## Data Analysis in Python
_Author: Georgy Tarasenko_

## Seminar 9

```pandas``` is a Python library containing a set of functions and specialized data structures that have been designed to help Python programmers to perform data analysis tasks in a structured way (all documentation can be find [here](https://pandas.pydata.org/)).

Most of the things that `pandas` can do can be obtained with basic Python, but the collected set of pandas functions and data structure makes the data analysis tasks more consistent in terms of syntax and therefore aids readabilty. In addition, `pandas` framework is specifically constructed to handle big data.

As pandas is not a built-in library, we have to install it:

In [None]:
!pip install pandas

Then, to access its tools we have to import this library, we can use `pd` as a shorther from of `pandas` for the purpose of simplicity

In [1]:
import pandas as pd

#### Pandas series: core of pandas
Basic data type in pandas package is `pd.Series`: *mutable* and *ordered*. You can create `pd.Series` using `pd.Series()` function:

In [None]:
my_series = pd.Series([5, 2, 9])
print(my_series) # indices and values

In [None]:
type(my_series)

`pd.Series` is able to store only ONE data type (e. g. only `int`, `float` or `str`). It can be created from any sequence:

In [None]:
from_list = pd.Series([5, 2, 9])
from_tuple = pd.Series((1, 2, 3))

In [None]:
print(from_tuple)

In [None]:
from_list = pd.Series([1, 2, '3'])
print(from_list)

You can manually specify indices for your `pd.Series`:

In [None]:
pd.Series([5, 2, 9], index=[2, 3, 1]) # not necessarily begin with 0 or even be ordered (mix of list and dict indices)...

In [None]:
s = pd.Series([5, 2, 9], index=[2, 3, 1])
s[0:2]

In [None]:
pd.Series([5, 2, 9], index=['a', 'b', 'c']) # ...even strings

In [2]:
from_dict = pd.Series({'a': 1, 'b': 2, 'c': 3}) # keys become indices
print(from_dict)

a    1
b    2
c    3
dtype: int64


**Notice.** `pandas` allows non-unique indices, BE CAREFUL.

In [None]:
pd.Series([5, 2, 9], index=['a', 'a', 'a'])

In [None]:
tuple1 = (4, 1, 7)
indices = ['a', 'b', 'c']

pd.Series(tuple1, index=indices)

In [None]:
check = pd.Series([5, 1, 0, 3, 4], index=[6, 1, 0, 4, 2])

In [None]:
check[2:4]

#### DataFrame

Basic type of data in pandas is `DataFrame`, a table conisting of rows and columns.
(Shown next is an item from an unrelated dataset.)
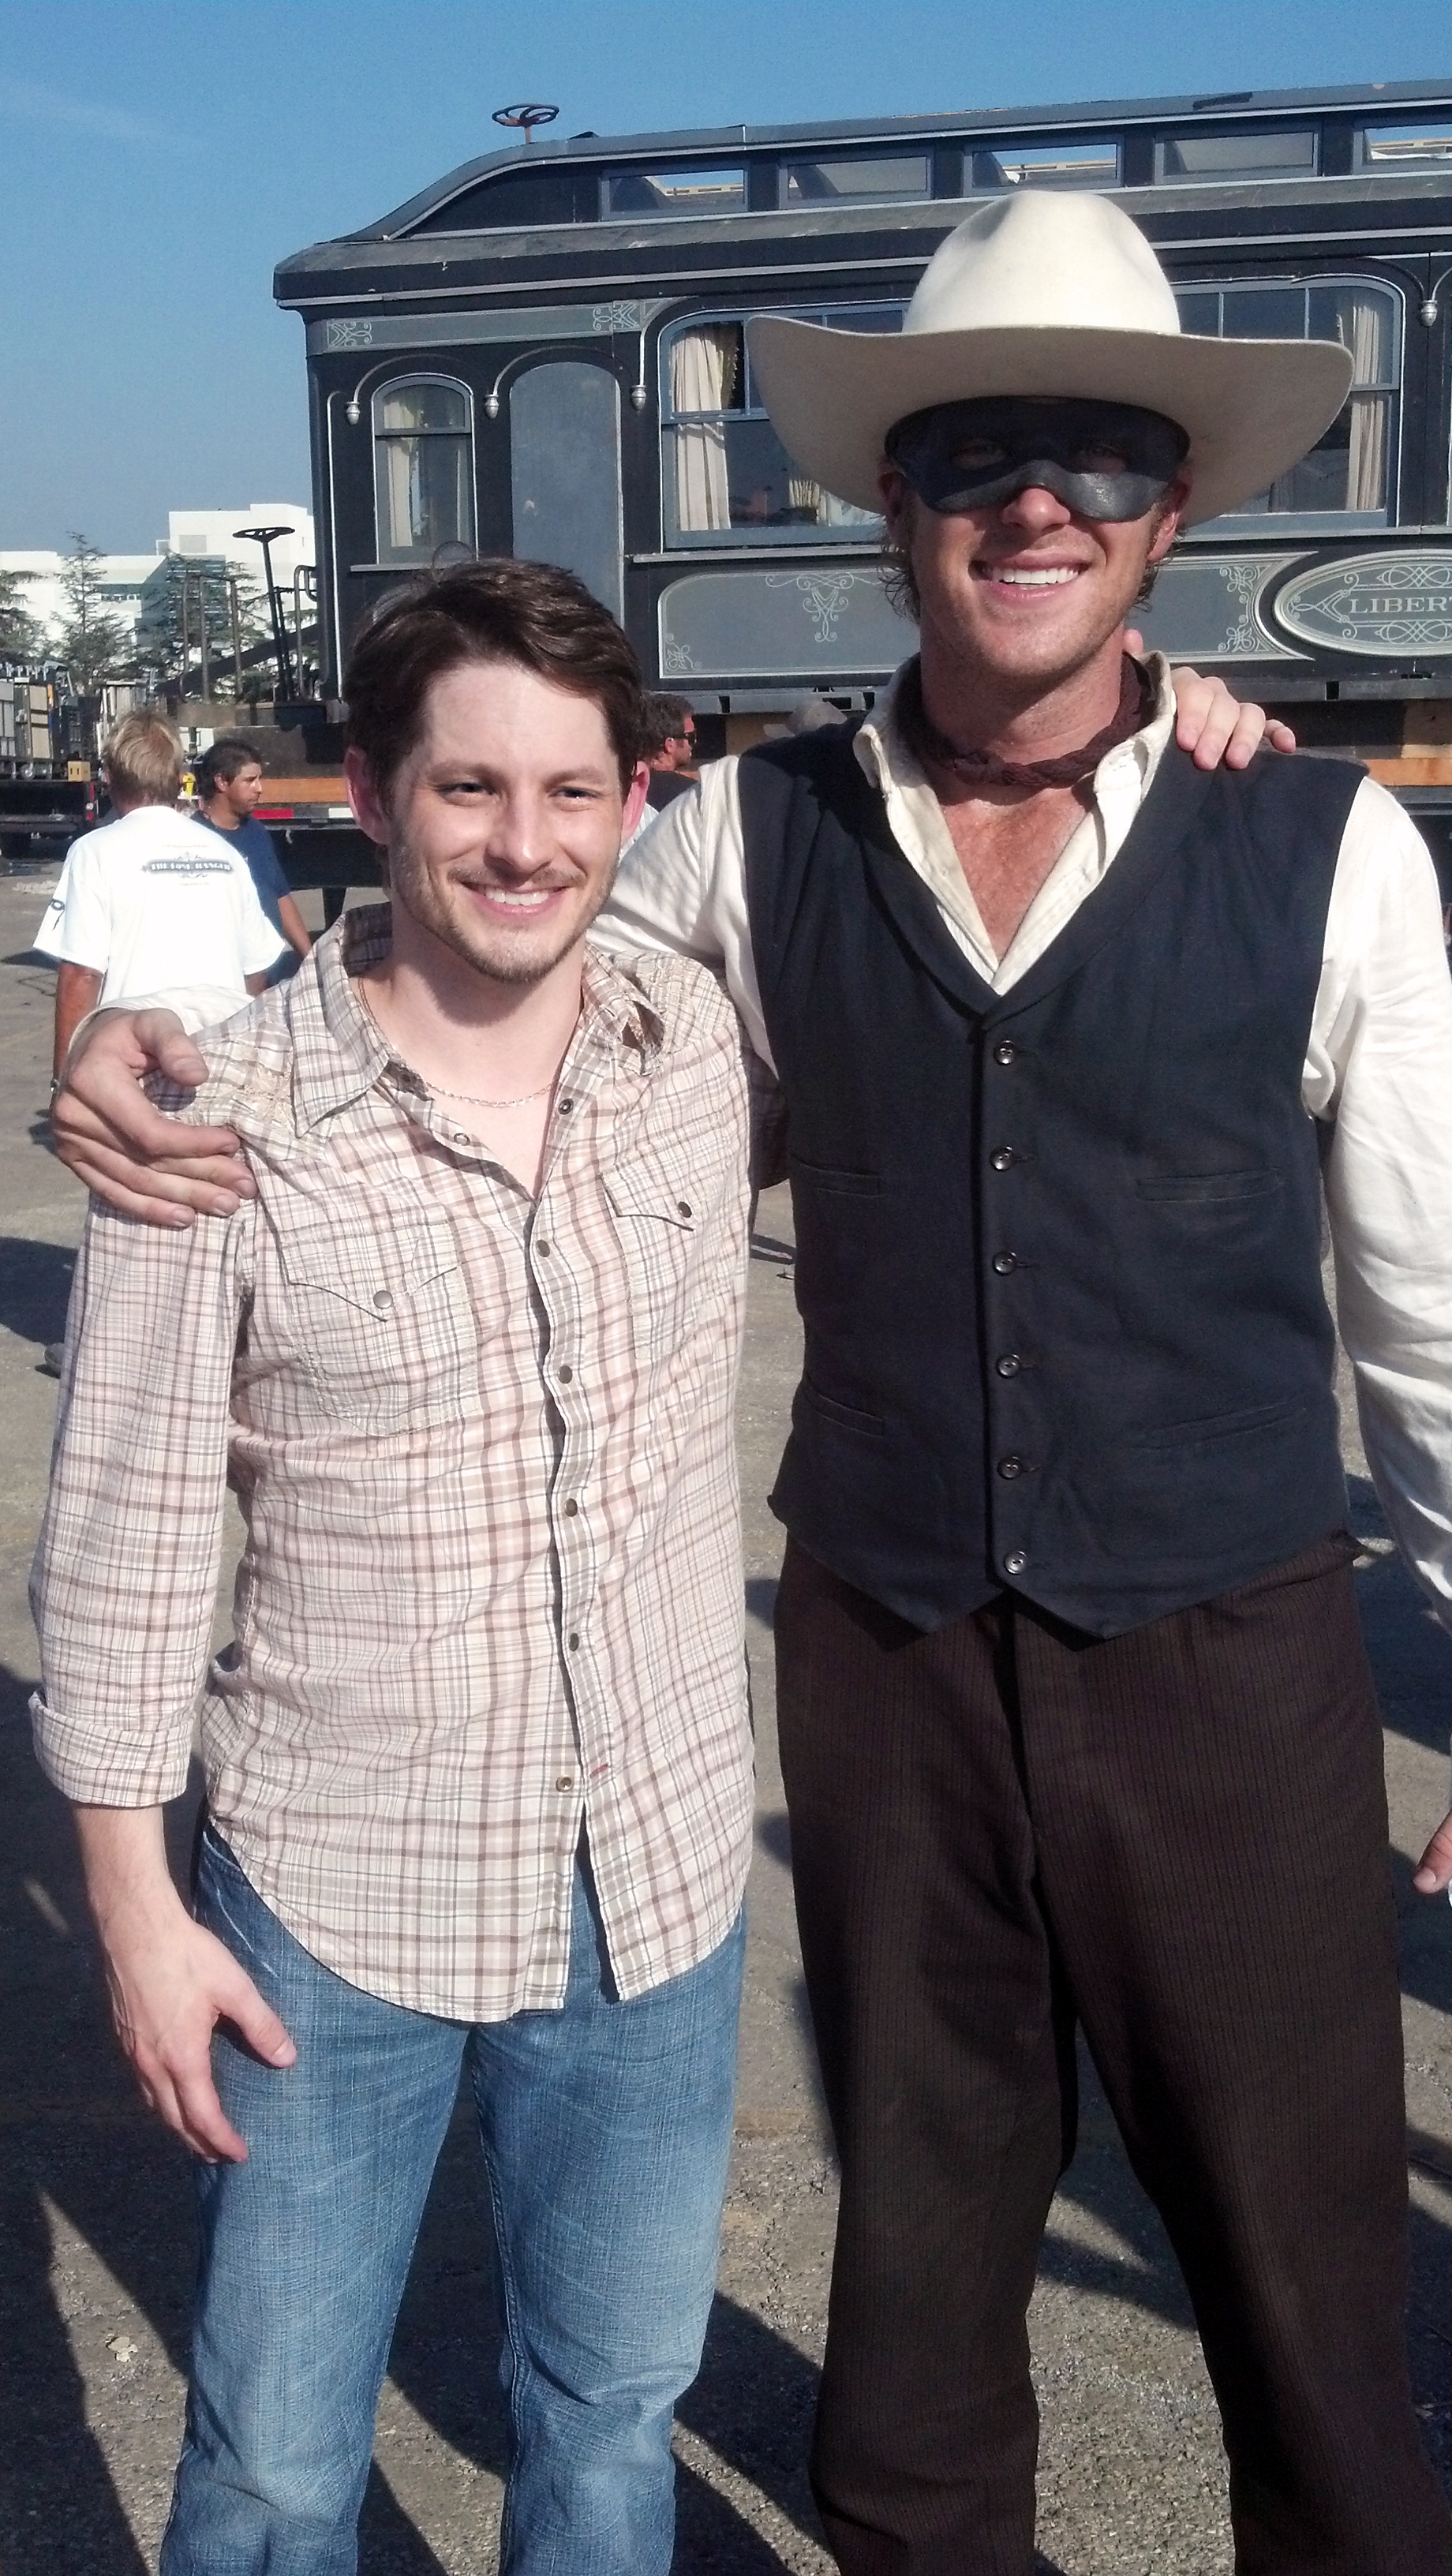 Stephen Brodie and Armie Hammer on set of Disney's The Lone Ranger

Each column is `pd.Series`.

We can create our own dataframe by applying `DataFrame()` function to a dictionary where a key is a column name while value is a sequence of objects. Consequently, the length of each sequence should be the same. 
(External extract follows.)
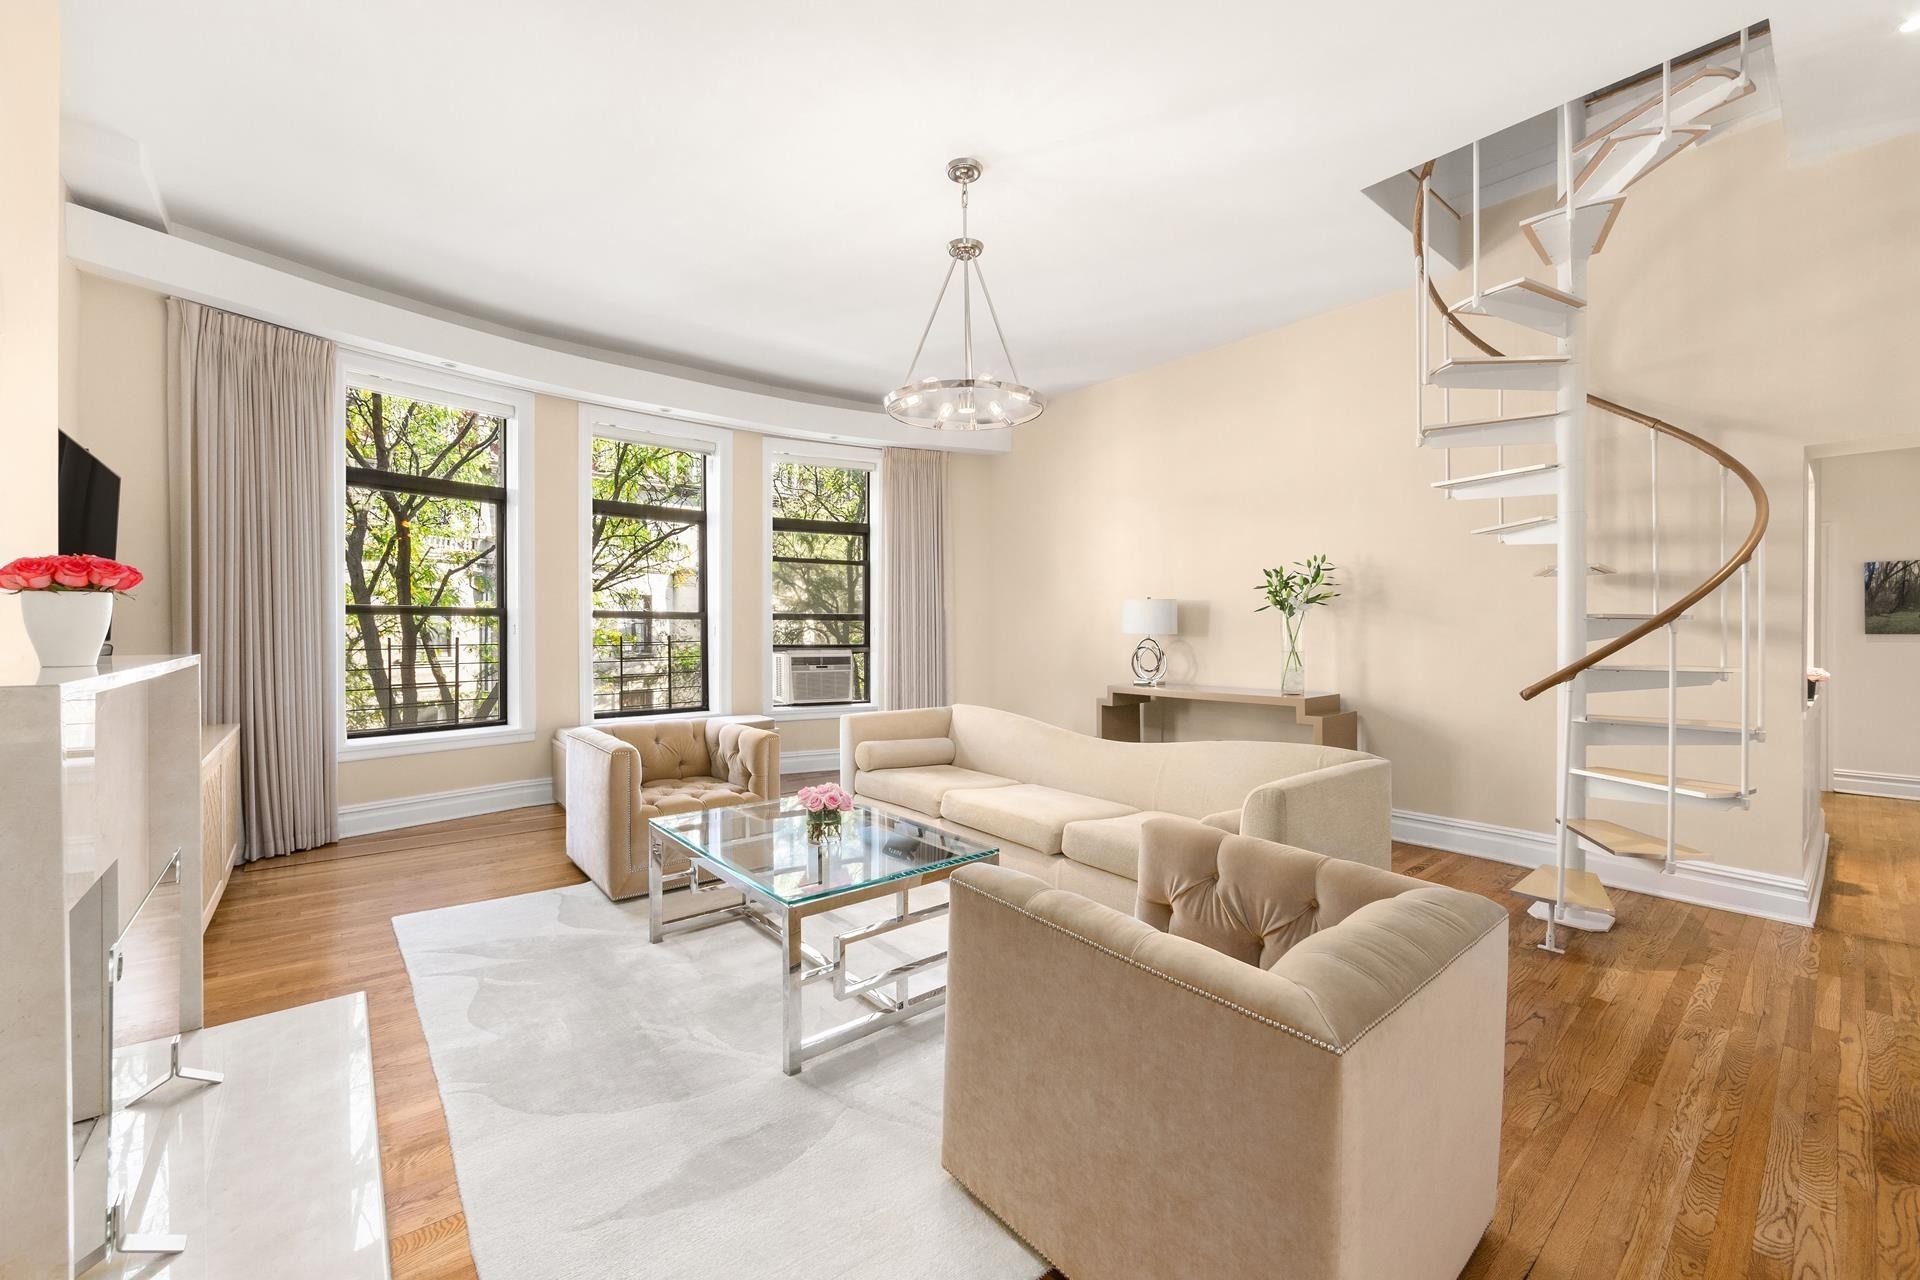 Co-op Properties for Sale at 312 W 107TH ST, 3B/4B Upper West Side, New York, NY 10025

#### Creating our own dataframe

Let's create a dataframe that contains information on the product reviews for two users. We will apply `DataFrame()` function to a dictionary. We use `index` argument to specify the row names.

In [None]:
reviews_dict = {'Bob': ['I liked it.', 'It was awful.'], 'Sue': ['Pretty good.', 'Bland.']}

reviews = pd.DataFrame({'Bob': ['I liked it.', 'It was awful.'], 
              'Sue': ['Pretty good.', 'Bland.']},
             index=['Product A', 'Product B'])
reviews

In [3]:
spending_dict = {
    'names': ['Ioann', 'Diana', 'Lisa', 'Nastya', 'Sofia', 'Kate', 'Alex'],
    'age': [22, 20, 19, 43, 78, 26, 50],
    'spendings': [2000, 1500, 1000, 20000, 500, 4000, 15000]
}

spending_df = pd.DataFrame(spending_dict)
spending_df

Unnamed: 0,names,age,spendings
0,Ioann,22,2000
1,Diana,20,1500
2,Lisa,19,1000
3,Nastya,43,20000
4,Sofia,78,500
5,Kate,26,4000
6,Alex,50,15000


Yet, in real life tasks we rather deal with external data that was previously collected by us - *primary data* - or by other people (researchers, institutions) - *secondary data*.

#### Reading data frames

`os` module in Python allows to access information on your computer's operational system (e.g. uploading files):

- method `os.chdir(your_path)` sets your current working directory;
- method `os.getcwd()` displays the working directory that you have for now.

In [None]:
import os
os.chdir('/Users/georgetarasenko/Desktop')
os.getcwd()

Now let's try to import our first dataframe. One of the most widespread extensions is `.csv` - comma separated value - a file where each table cell value is separated by a symbol such as comma or point with comma or separated via tabulation.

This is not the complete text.